-- Data block follows --
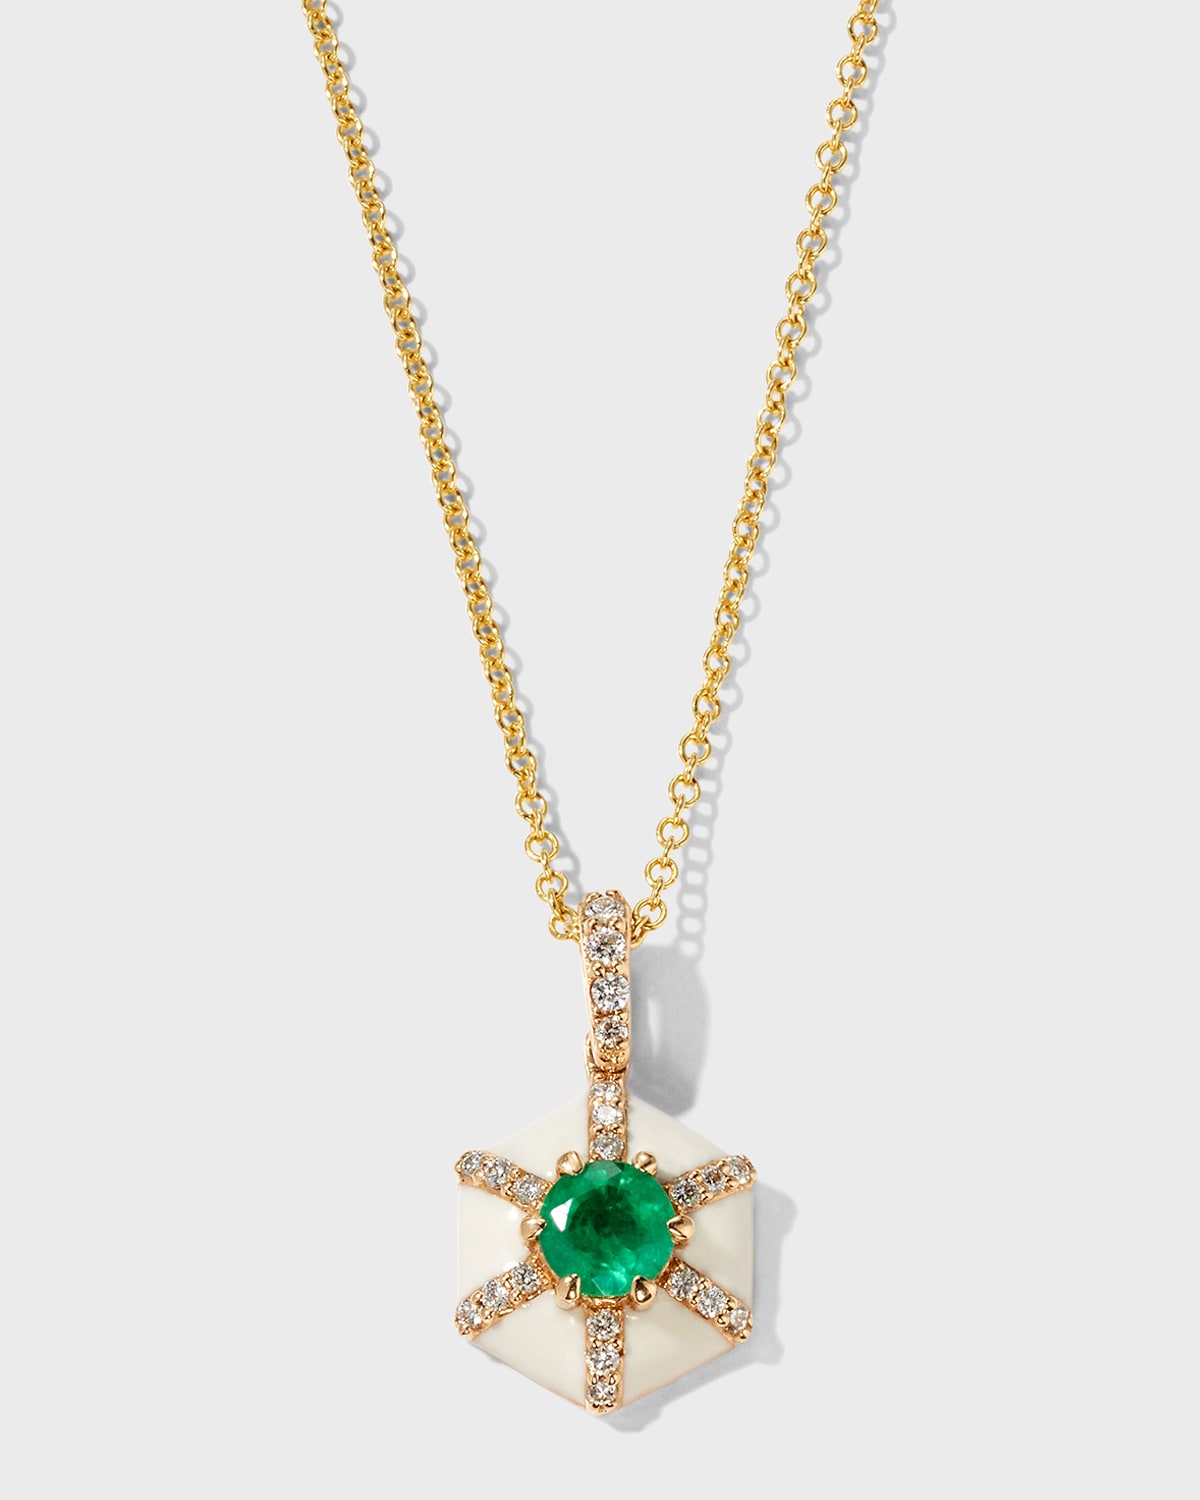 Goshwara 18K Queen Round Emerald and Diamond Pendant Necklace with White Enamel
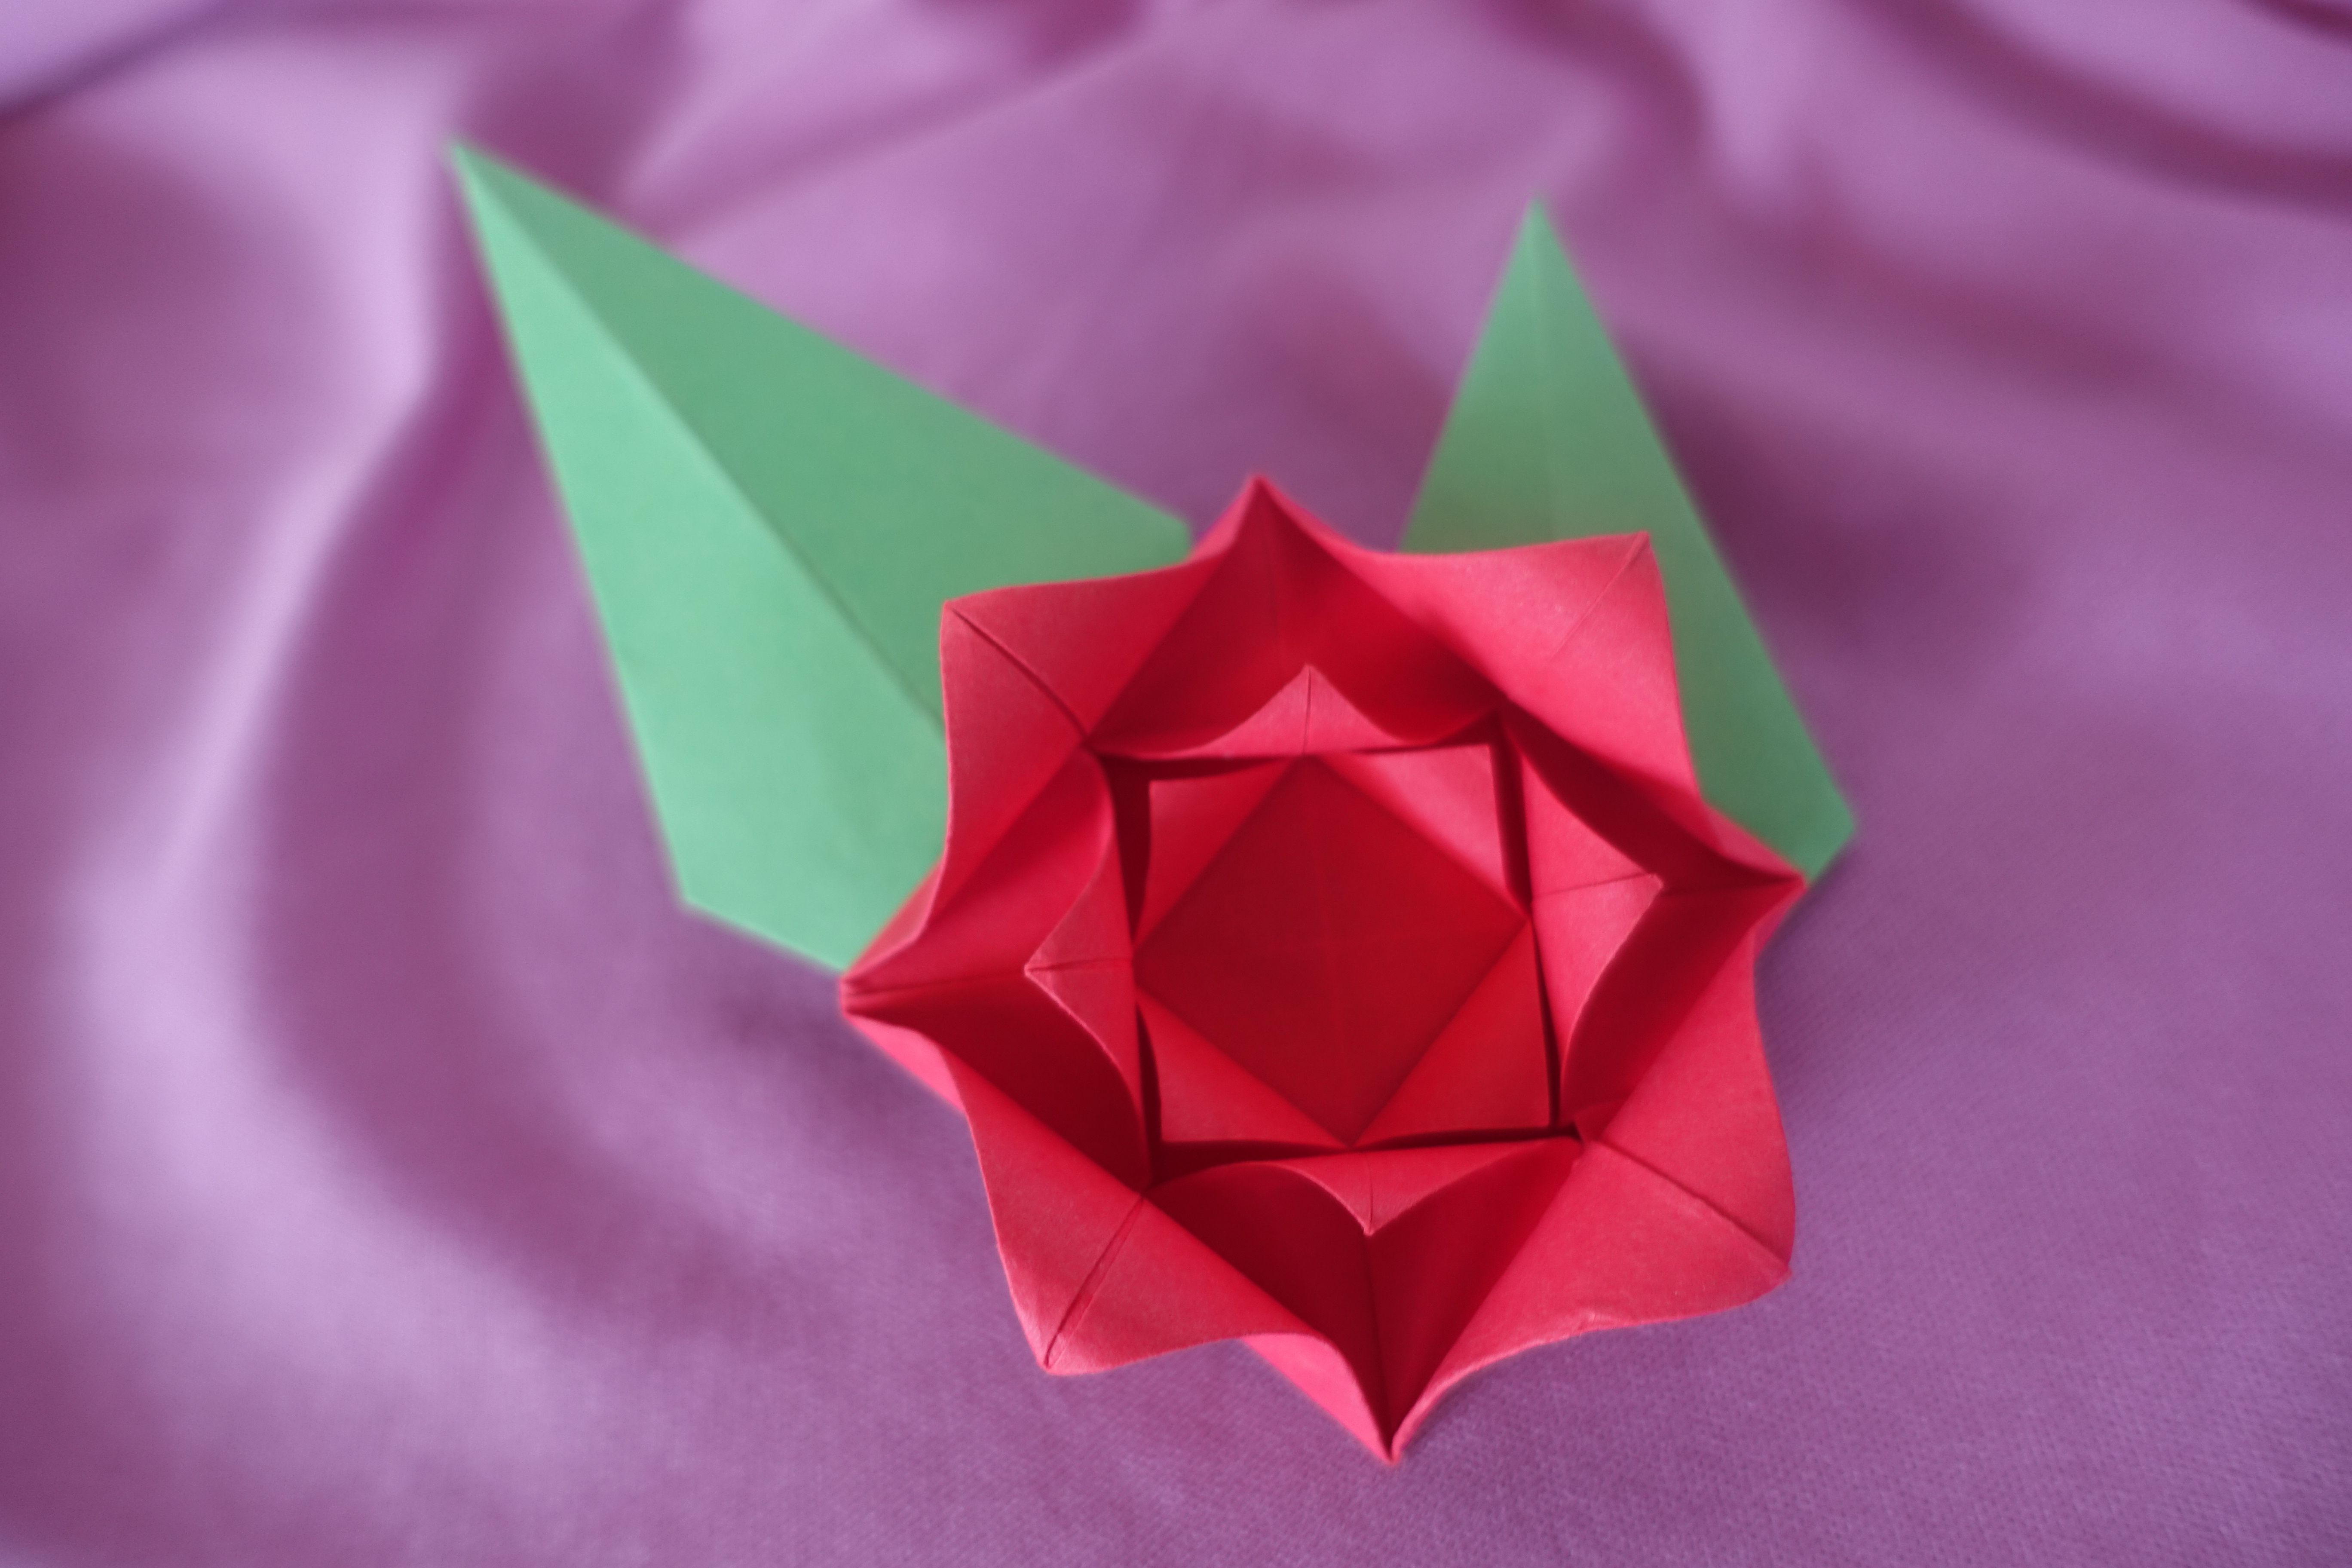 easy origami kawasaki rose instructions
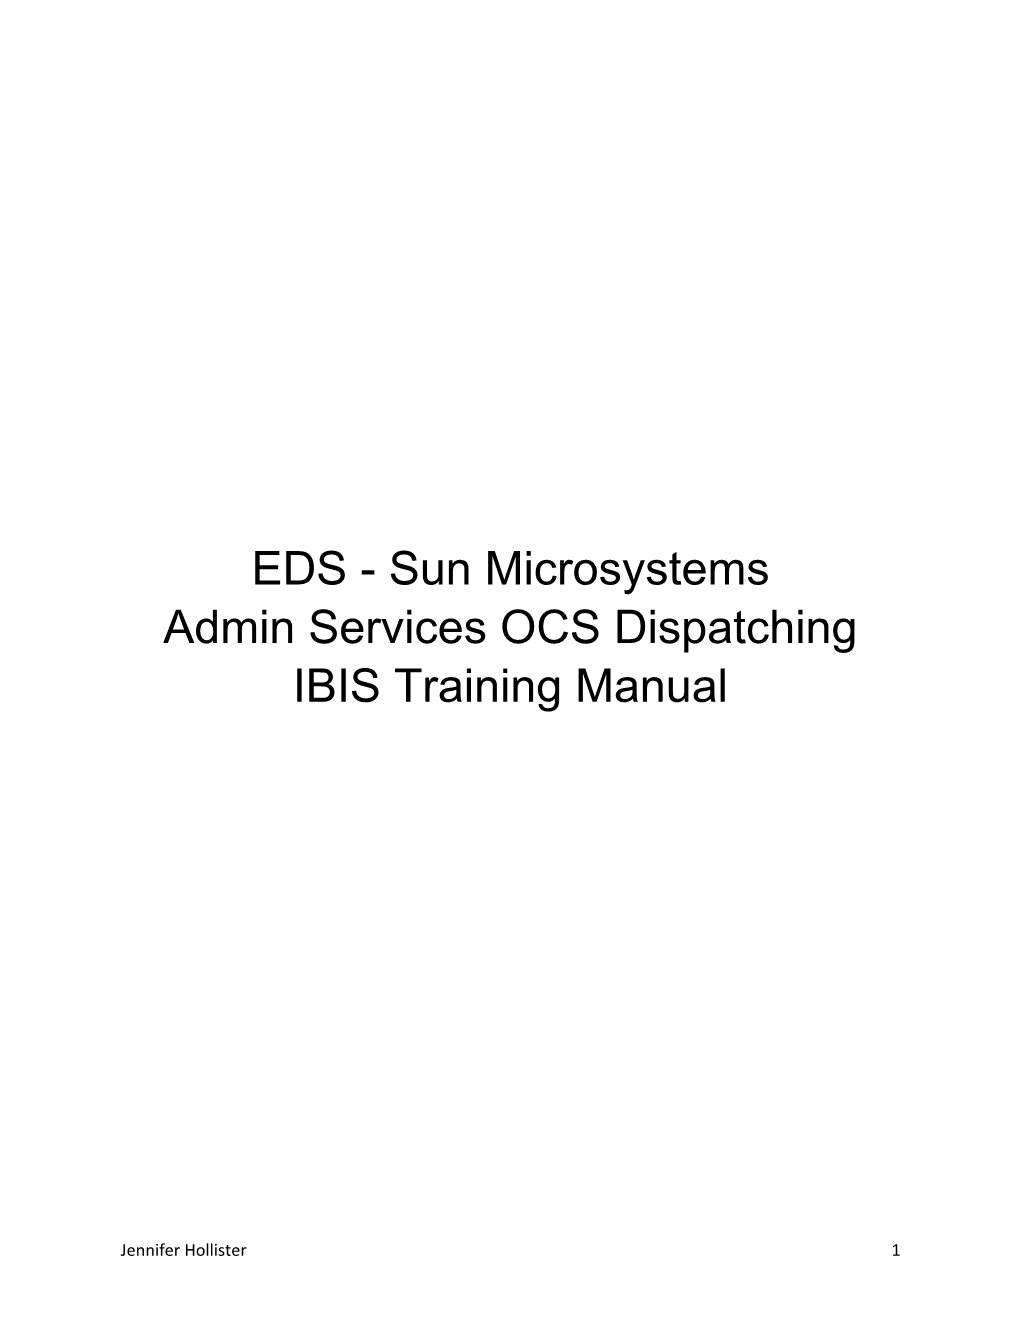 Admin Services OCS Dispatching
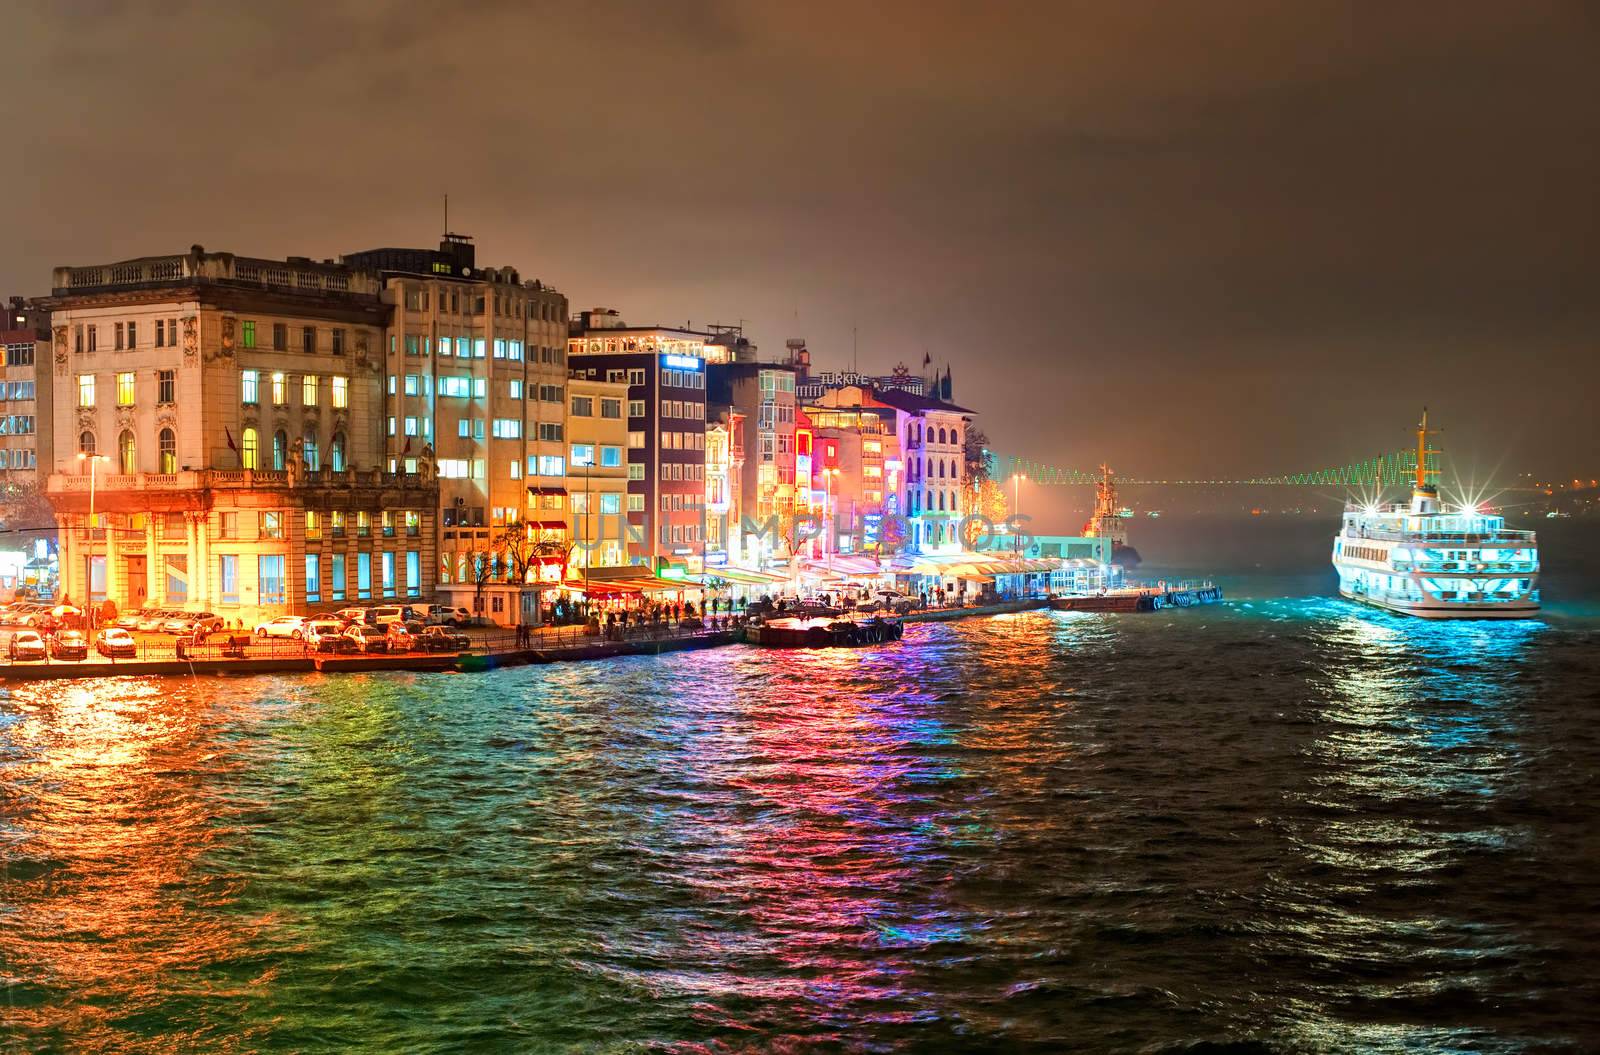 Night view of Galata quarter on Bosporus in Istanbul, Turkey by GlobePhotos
-- Data block concluded --
Apart from the pictures, restate all of the listing above exactly.

 Goshwara 18K Queen Round Emerald and Diamond Pendant Necklace with White Enamel
 easy origami kawasaki rose instructions
 Admin Services OCS Dispatching
 Night view of Galata quarter on Bosporus in Istanbul, Turkey by GlobePhotos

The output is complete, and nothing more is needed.